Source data
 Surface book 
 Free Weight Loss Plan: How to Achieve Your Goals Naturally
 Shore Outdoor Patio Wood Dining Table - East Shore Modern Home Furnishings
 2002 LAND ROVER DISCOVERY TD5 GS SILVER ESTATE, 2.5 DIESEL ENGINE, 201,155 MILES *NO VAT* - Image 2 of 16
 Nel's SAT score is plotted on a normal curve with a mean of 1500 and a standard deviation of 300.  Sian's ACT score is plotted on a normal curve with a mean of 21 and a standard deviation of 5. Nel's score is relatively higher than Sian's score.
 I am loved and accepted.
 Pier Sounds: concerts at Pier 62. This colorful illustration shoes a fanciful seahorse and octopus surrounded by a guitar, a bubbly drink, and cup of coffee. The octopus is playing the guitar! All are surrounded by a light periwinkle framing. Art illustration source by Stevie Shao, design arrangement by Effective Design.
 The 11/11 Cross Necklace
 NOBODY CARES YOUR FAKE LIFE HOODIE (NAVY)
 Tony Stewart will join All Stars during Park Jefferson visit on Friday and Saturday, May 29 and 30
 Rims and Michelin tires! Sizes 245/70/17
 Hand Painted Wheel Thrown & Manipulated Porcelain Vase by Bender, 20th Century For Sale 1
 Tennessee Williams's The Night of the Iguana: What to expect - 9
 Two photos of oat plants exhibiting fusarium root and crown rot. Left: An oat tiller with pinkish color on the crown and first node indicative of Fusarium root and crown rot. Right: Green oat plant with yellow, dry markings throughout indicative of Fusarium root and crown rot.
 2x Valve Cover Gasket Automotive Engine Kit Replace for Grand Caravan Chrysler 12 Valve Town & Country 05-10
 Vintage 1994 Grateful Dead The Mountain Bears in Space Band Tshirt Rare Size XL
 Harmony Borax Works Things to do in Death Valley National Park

**WHAT THE EXERCISE ASKS:** For this exercise, reproduce exactly each line from the one containing "Two photos of" through the last line of the data, and no others.

**RESPONSE TO THIS EXERCISE:**
 Two photos of oat plants exhibiting fusarium root and crown rot. Left: An oat tiller with pinkish color on the crown and first node indicative of Fusarium root and crown rot. Right: Green oat plant with yellow, dry markings throughout indicative of Fusarium root and crown rot.
 2x Valve Cover Gasket Automotive Engine Kit Replace for Grand Caravan Chrysler 12 Valve Town & Country 05-10
 Vintage 1994 Grateful Dead The Mountain Bears in Space Band Tshirt Rare Size XL
 Harmony Borax Works Things to do in Death Valley National Park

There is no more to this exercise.